Sharlene Khan, quant à elle, réalise des vêtements, à l’esprit haute couture, ornés d’objets du quotidien, comme des pochettes de téléphones portables, et imprimés de visages d’hommes et de femmes anonymes qui, ainsi représentés, tendent à devenir à leur tour des icônes. Au-delà de l’apparente futilité du support vestimentaire, il se dégage de ces vêtements mis en scène sous forme de défilé de mode une violence sourde, ourdie, qui contraste avec la finesse des étoffes (en réalité des tissus bon marchés vendus à même le trottoir à Johannesburg). Ainsi, le bustier rose pâle d’une robe en partie recouverte de visages d’hommes et de femmes de la rue affiche une douceur presque outragée par les icônes qu’il surmonte.
Du nous au Je
Sous le régime de l’apartheid, l’Afrique du Sud connaissait un bouillonnement culturel dans tous les domaines artistiques. Au niveau des arts plastiques, il était avivé dans les townships par une sorte d’esthétique du combat, essentiellement développée autour de l’art mural et de la linogravure. Le combat des artistes noirs était alors collectif, orienté vers la même finalité de dénonciation et de lutte contre le régime de Pretoria.
La question sous-tendue aujourd’hui pour les artistes dans la société post-apartheid, s’articule autour d’un  » Je  » à reconstruire, à définir, en somme à reconquérir. Il devient un  » Je  » à retourner d’abord vers soi avant d’être tourné vers l’Autre.

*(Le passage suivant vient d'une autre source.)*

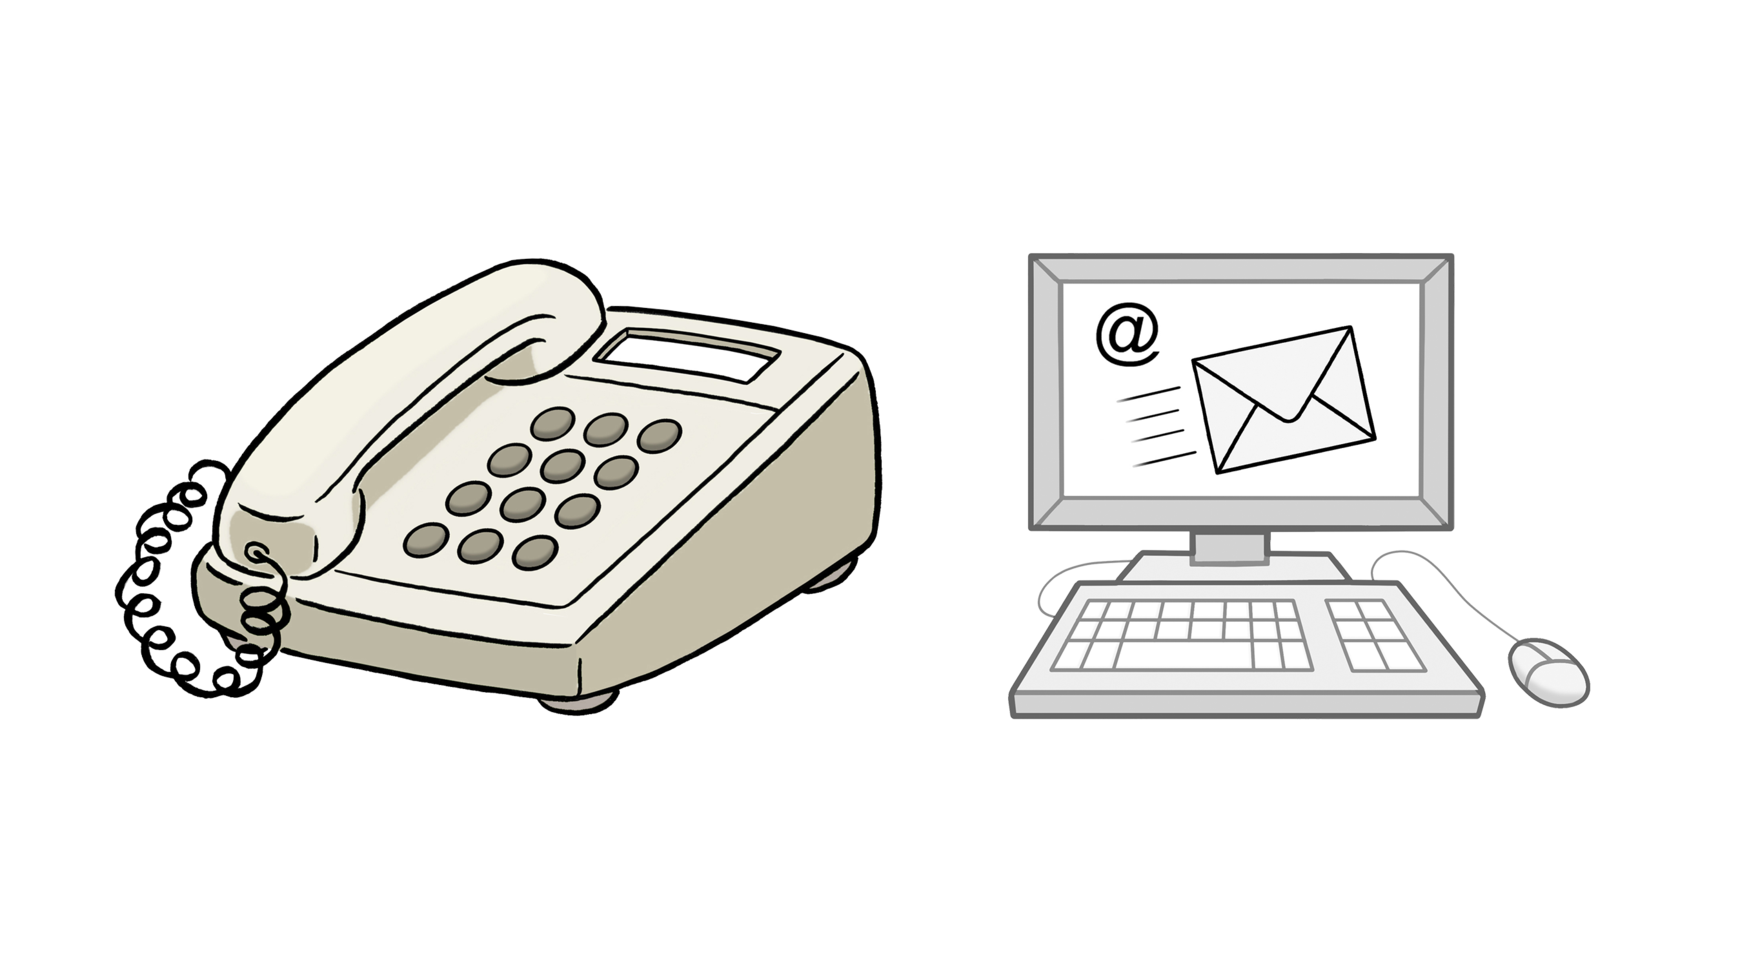 Grafik: Abbildung eines Telefons und daneben ein Computer. Auf dessen Bildschirm ist eine eingehende Email abgebildet.

Si le bouillonnement culturel est toujours présent en Afrique du Sud, Bruce Clarke constate chez les artistes une sorte de retour sur soi, un devoir d’introspection rendu nécessaire après tant d’années d’annihilation identitaire. Il souligne que dans les cas extrêmes, là où certains artistes choisissent – au risque de s’y perdre – de suivre les tendances internationales, notamment par le recours à certains médiums d’installations vidéos, d’autres opèrent un revirement total vers l’univers traditionnel et  » l’africanité « , au risque de ne jamais en revenir. C’est dans l’entre-deux de ces tâtonnements artistiques que se situe le meilleur de la production plastique sud-africaine et c’est bien dans cette sphère que nous invite Les arts de la coexistance ? qui témoignent d’un art en re-construction.
C’est dans cette démarche que s’inscrit le cheminement de Fiona Pole, seule artiste blanche de l’exposition qui, dans une combinaison de travail sur l’estampe et sur l’écriture, a demandé à des enfants de raconter l’évènement qui les a le plus marqués. Des textes gravés, présentent des témoignages divers, auxquels font écho des estampes, où des silhouettes sombres se détachent sur un fond noyé de blanc. De ces témoignages de grandes joies ou de grandes souffrances ressort la disparité des  » expériences des peuples sud-africains  » (6).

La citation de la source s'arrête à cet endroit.